Leon Galis thinks it inconceivable that the Supreme Court would approve Georgia legislators’ pronouncement that “Modern medical science… demonstrates that unborn children are a class of living, distinct persons…” (“When is a Person a Person?” June 5). He’s right, though not in the sense that he supposes. Galis quotes from a preamble to the bill that changed the law, but the language quoted is confined to the bill itself. It does not modify any part of the Georgia code and, consequently, forms no part of the operative law that the Supreme Court would review. If the Court examines the law, it will consider medical science, but will not likely concern itself with legislators’ opinions about what medicine does or does not prove. It will focus instead on the actual restrictions that the law imposes to determine whether the ability to obtain an abortion is unduly constrained.
Galis thinks that the question of fetal personhood—are fetuses “persons” under the Constitution?—would figure prominently in the court’s deliberations. He notes that no Supreme Court case identifies prenatal humans as legal persons and seems to conclude that, lacking prior explicit precedent, the court could never find that a fetus embodies personhood. At the same time, however, he refers to the law’s evolving notion of persons. He acknowledges that the category of humans endowed with legal personhood has expanded over time (e.g., formerly, enslaved humans were not legal persons), with each expansion constituting a departure from legal history and precedent.
Where no direct precedent exists, legal principles often develop through the use of imprecise analogies. Prior to Roe v. Wade, there was no precedent for a right to abortion. In announcing the right, the court extracted principles from dissimilar cases, including those involving contraception, interracial marriage, wiretapping, etc., to expand on the law’s concept of privacy rights. The court’s notions of personhood could similarly expand to include fetuses. The personhood evolution that Galis discusses, then, might one day embrace the unborn.
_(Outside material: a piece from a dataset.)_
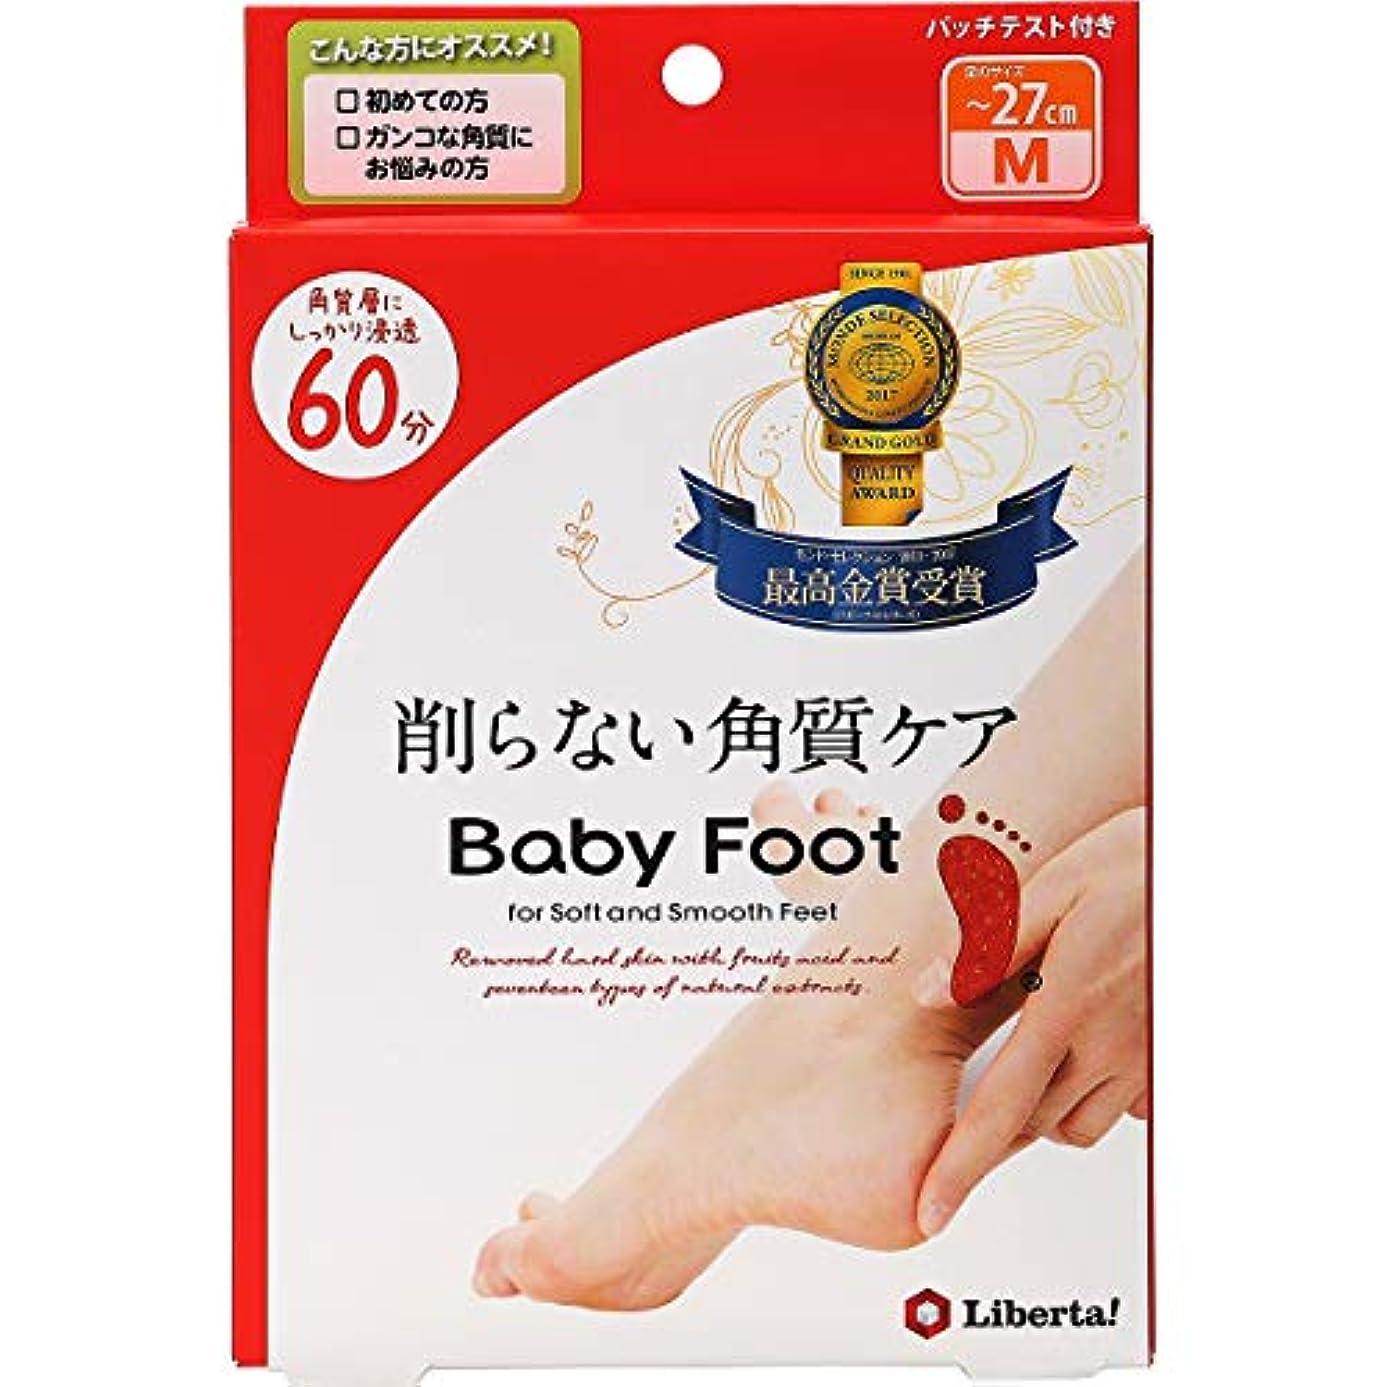 悪性腫瘍パンサーあまりにもベビーフット (Baby Foot) ベビーフット イージーパック SPT60分タイプ Mサイズ 単品

But the biggest problem with Galis’ argument is his assumption that the court’s decision—and the fate of the laws it reviews—would hinge on its views of fetal personhood in the first place. Galis correctly observes that the case for abortion rights “collapses if fetuses are persons.” It does not follow, however, that states can ban abortion only if the court finds that fetuses are persons. Citing animal cruelty laws, Galis notes that states afford legal protection to non-humans. Similarly, the court could permit states to protect prenatal humans, regardless of their status as legal persons. There are grounds other than “personhood” on which the court could uphold protections for the unborn.
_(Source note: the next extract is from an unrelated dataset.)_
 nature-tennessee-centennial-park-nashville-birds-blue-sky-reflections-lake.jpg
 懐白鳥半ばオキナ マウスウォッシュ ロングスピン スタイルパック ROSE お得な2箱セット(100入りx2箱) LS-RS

In fact, the court has already identified and applied at least one of those grounds. The Roe decision accorded states greater latitude to interfere with a woman’s ability to obtain an abortion as gestation progressed—states have greater power to proscribe abortion in later stages of pregnancy. The court did not extend that authority to states based on ideas of fetal personhood, but rather on the states’ interest in protecting “the potentiality of human life.” The promise of human life in unborn children remains a compelling justification for state regulation, sufficient to uphold abortion restrictions unless the court affirms a countervailing right to abortion.